Data extract:

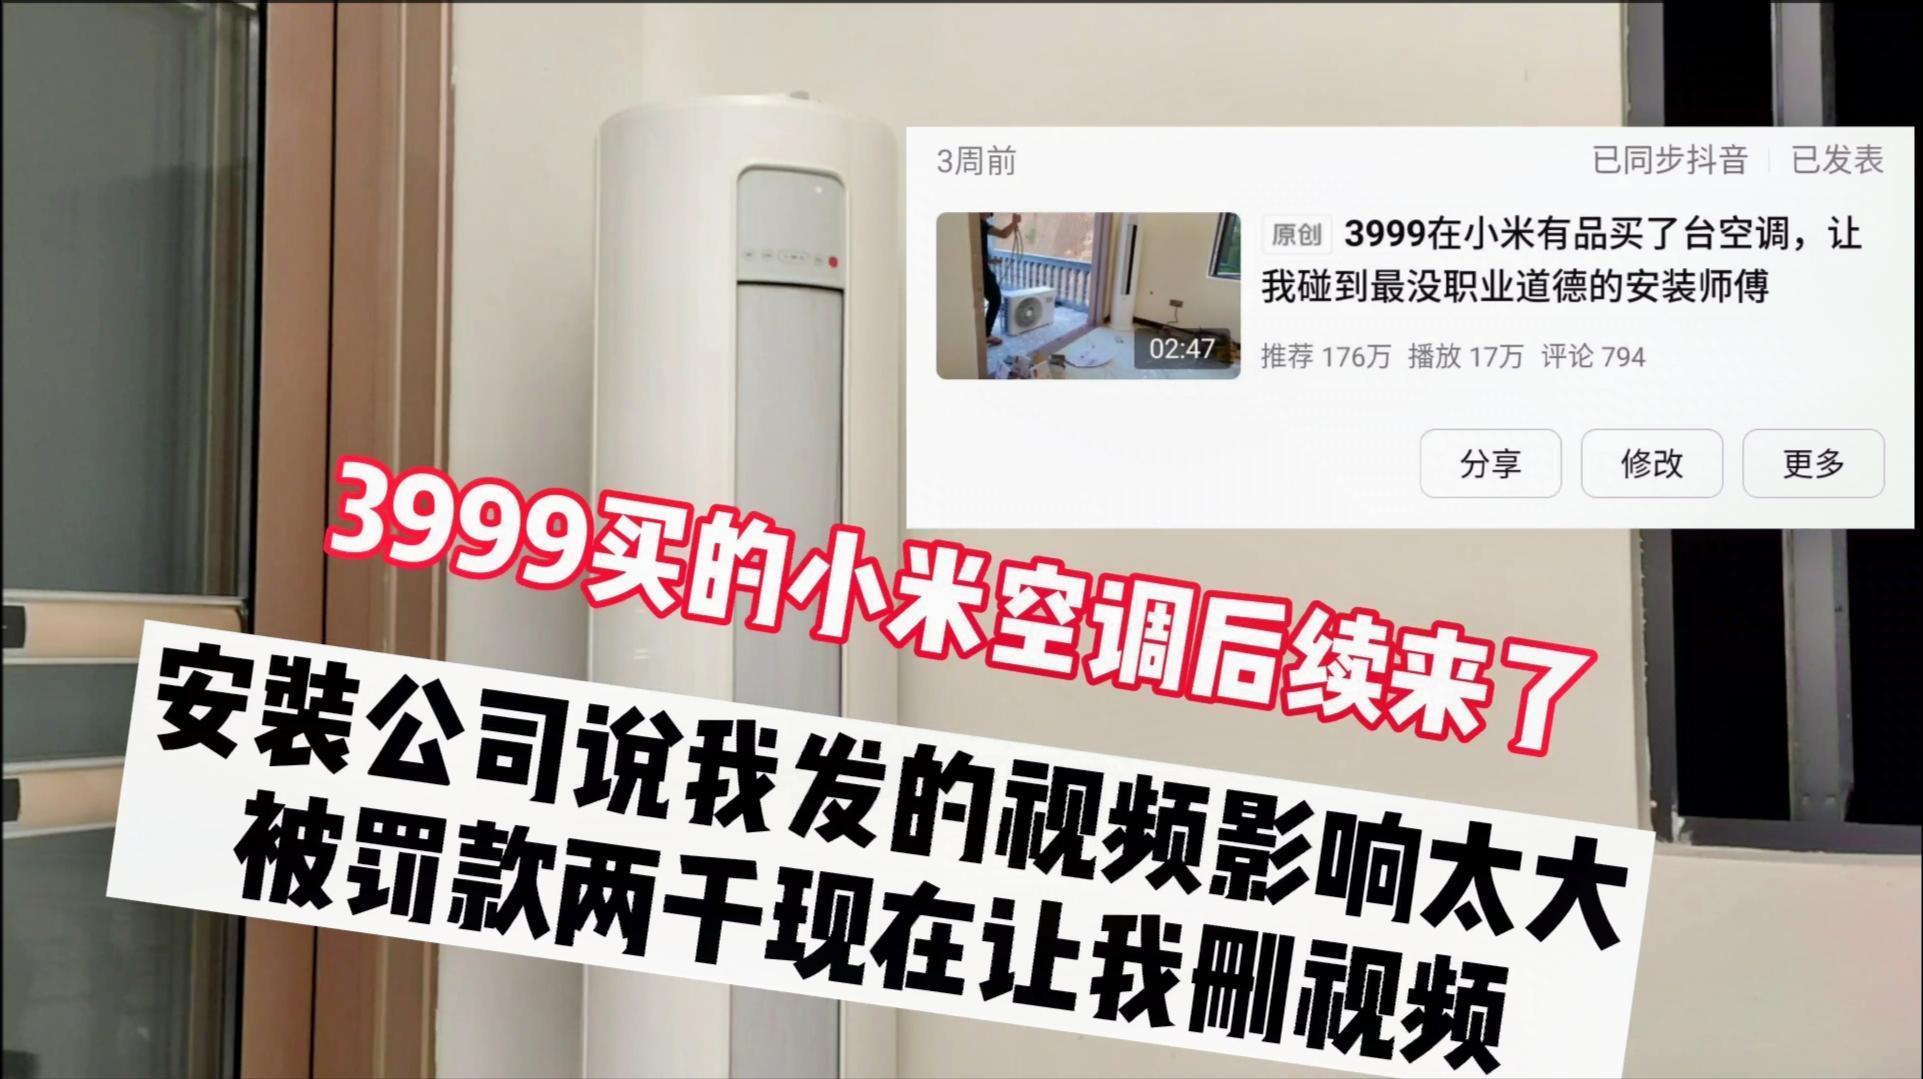 3999买的小米空调,碰到没有职业道德的安装师傅后续来了
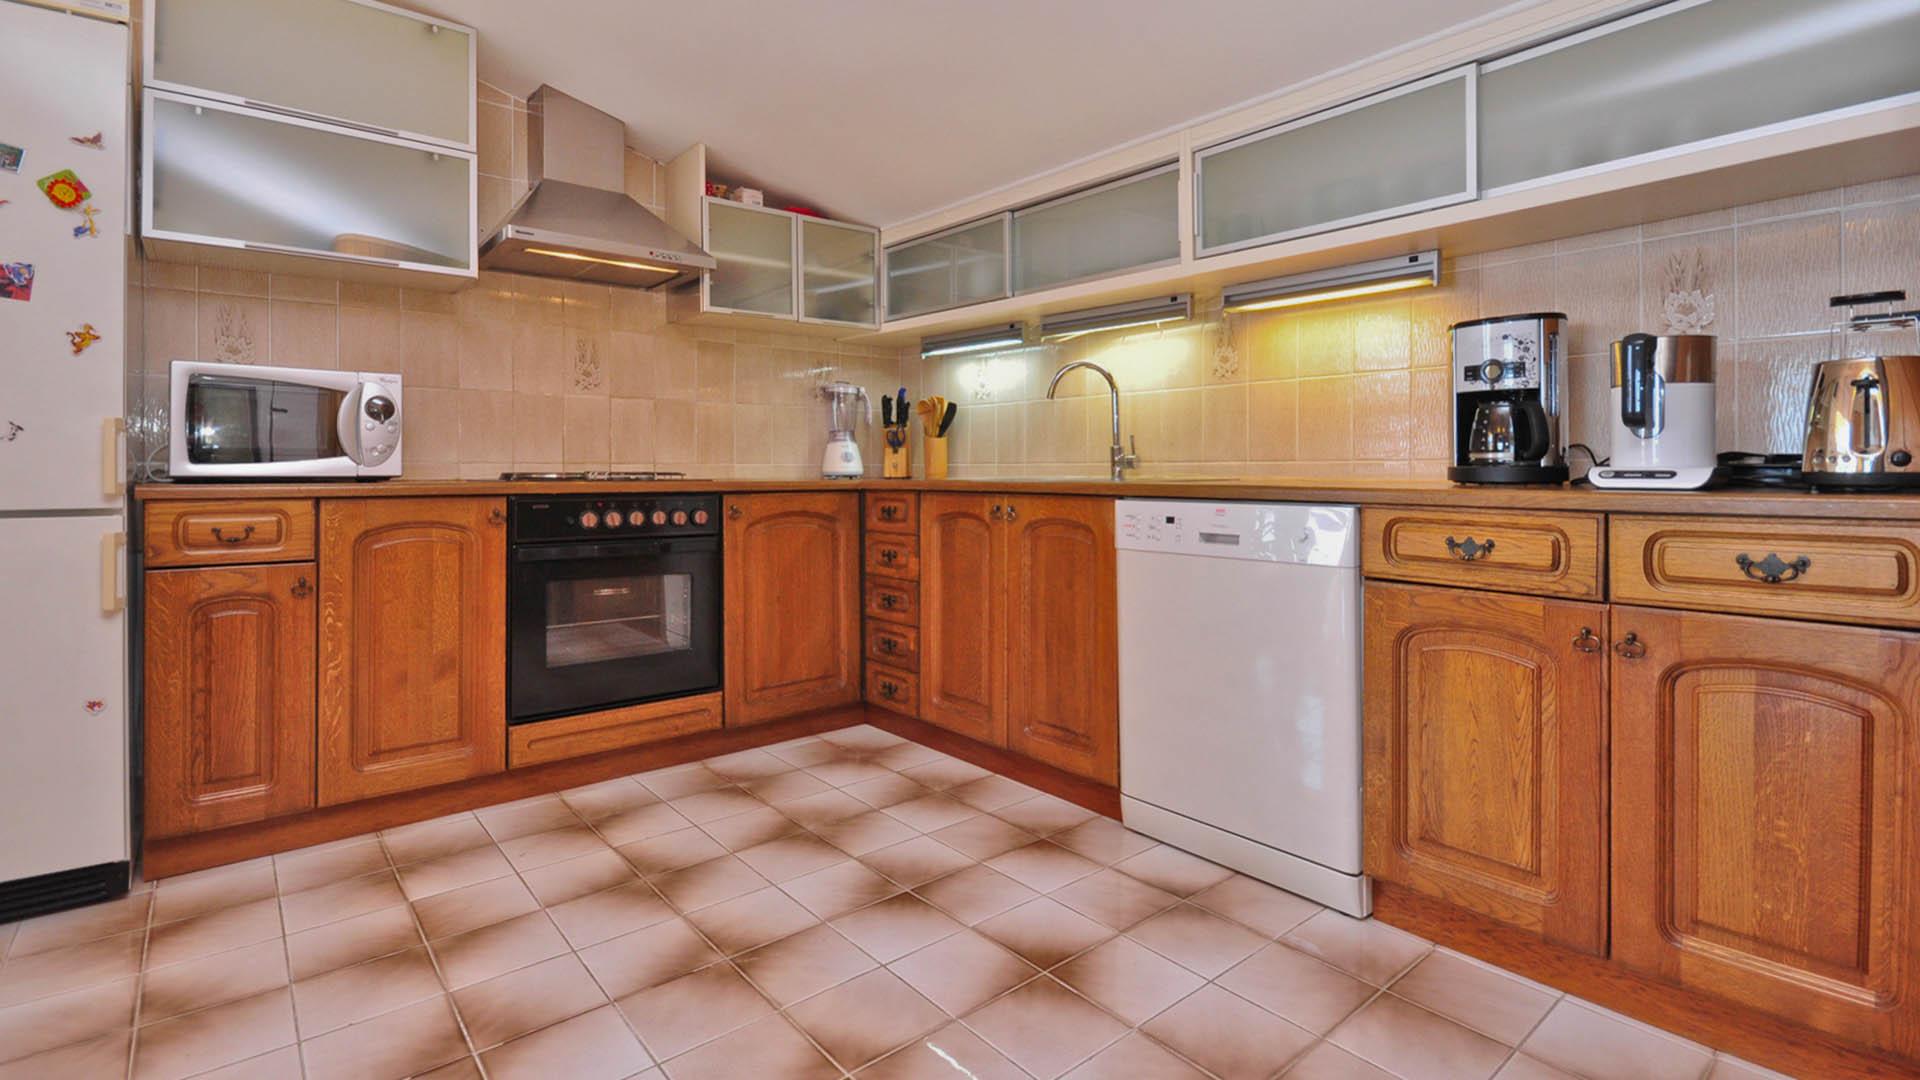 Omiš apartmani zorka deluxe apartman kuhinja
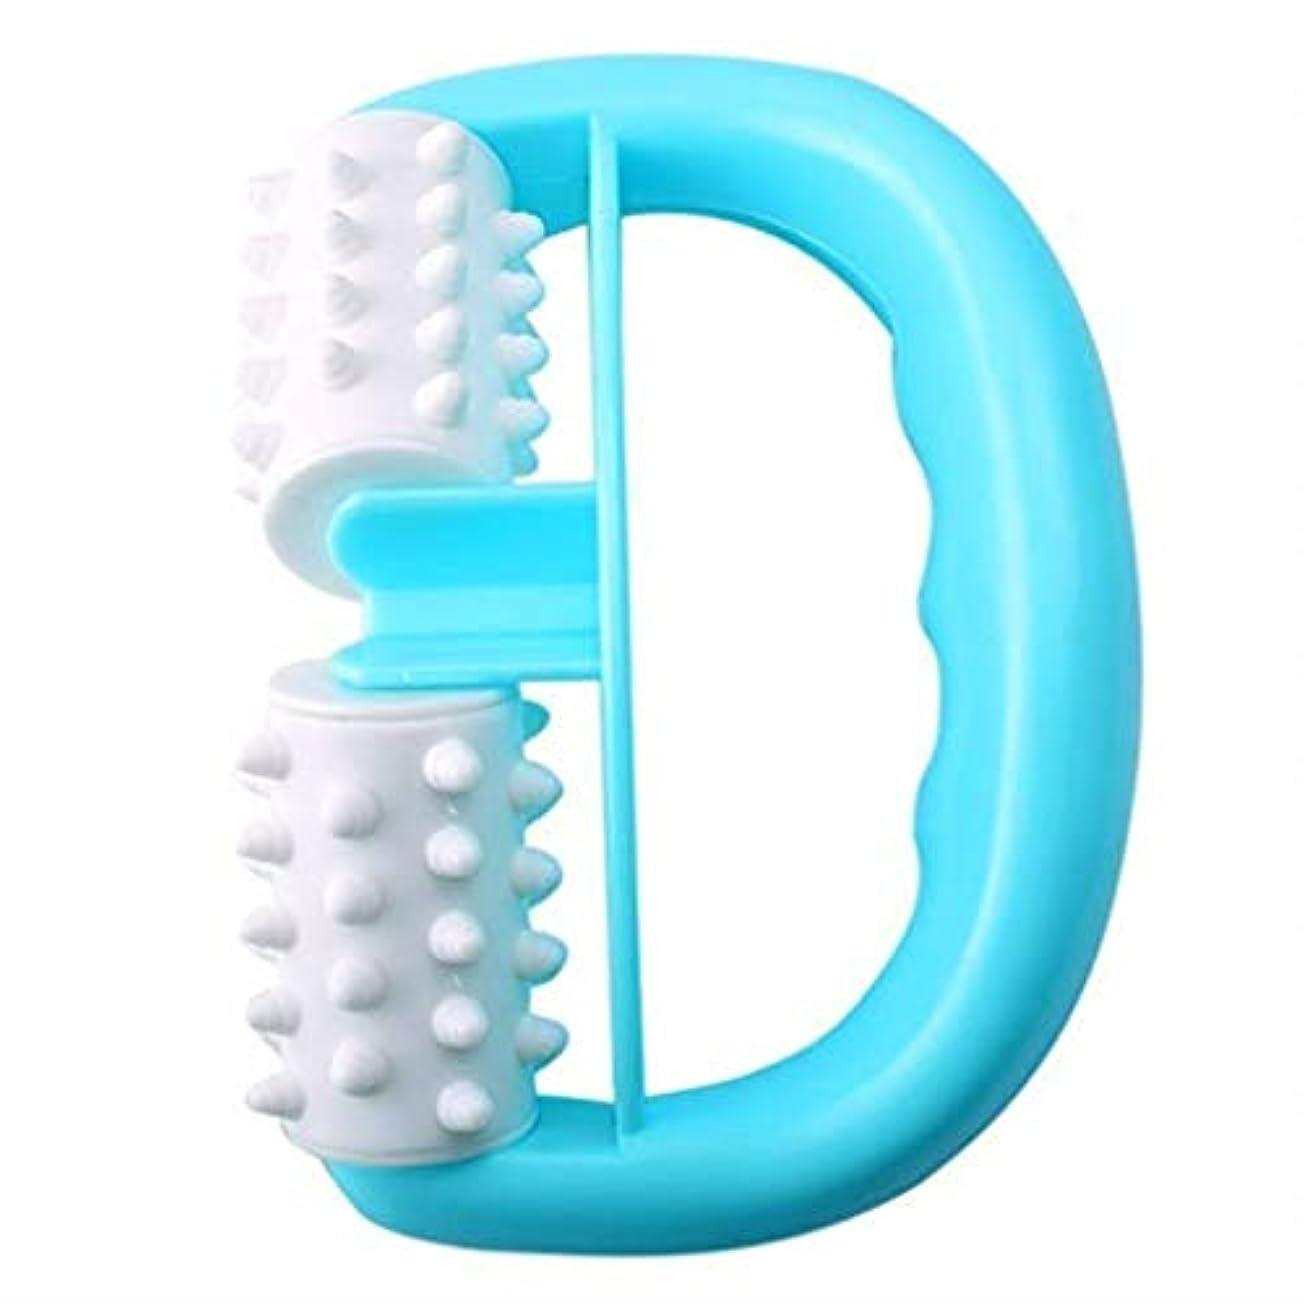 ストリーム内なる留まるハンドヘルドマッサージャー、ポータブルボディローラーマッサージャー、脈動ボールによる脂肪の除去、体の痛みの緩和、Dr子午線、疲労の緩和
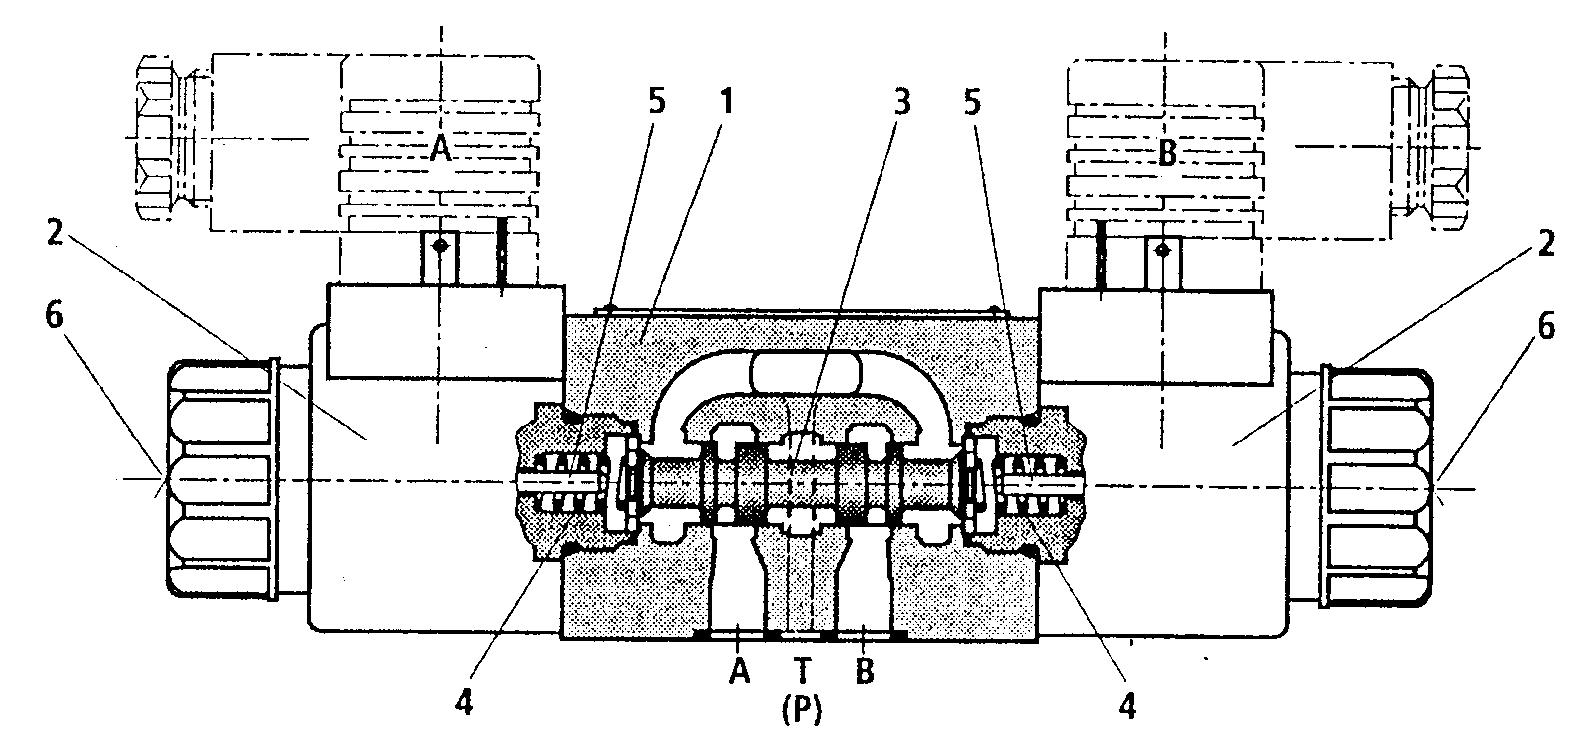 гидростанции схема подключения
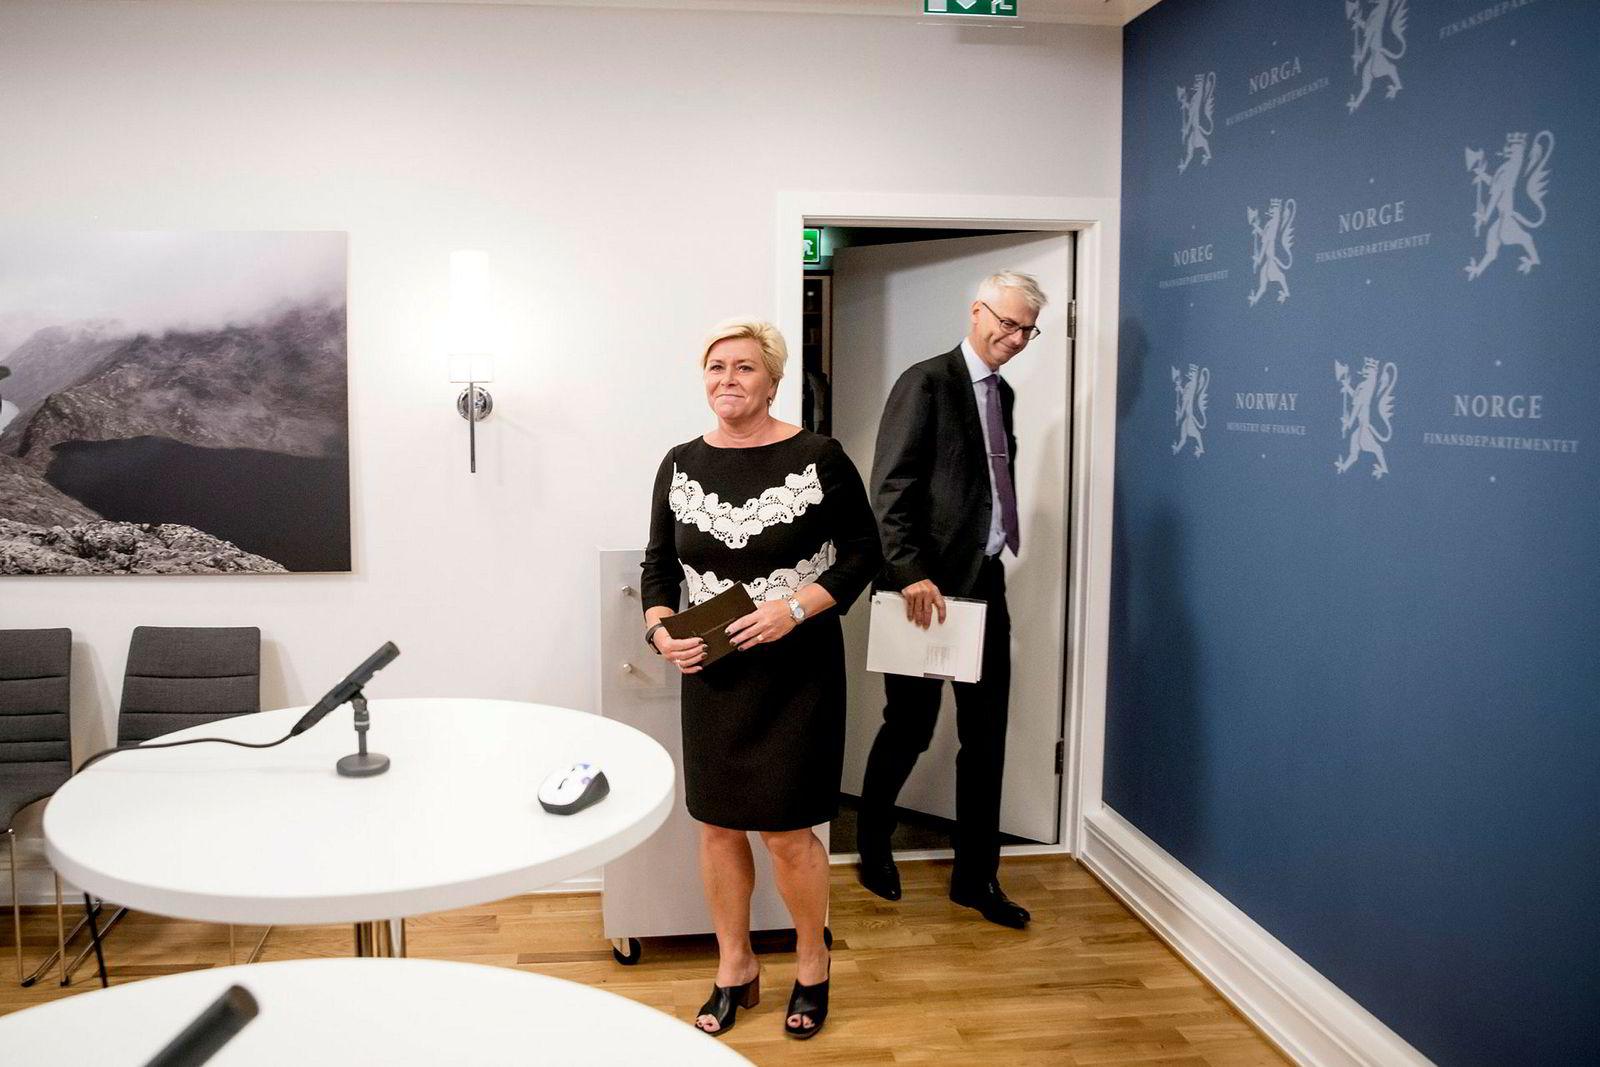 Siv Jensen fikk fredag morgen overlevert rapporten fra utvalgets leder Øystein Thøgersen som også er rektor ved NHH.

Instructions to follow: Hand over the entries again, exactly as written and without the pictures.

Answer for the task:
 3999买的小米空调,碰到没有职业道德的安装师傅后续来了
 Omiš apartmani zorka deluxe apartman kuhinja
 ストリーム内なる留まるハンドヘルドマッサージャー、ポータブルボディローラーマッサージャー、脈動ボールによる脂肪の除去、体の痛みの緩和、Dr子午線、疲労の緩和
 гидростанции схема подключения
 Siv Jensen fikk fredag morgen overlevert rapporten fra utvalgets leder Øystein Thøgersen som også er rektor ved NHH.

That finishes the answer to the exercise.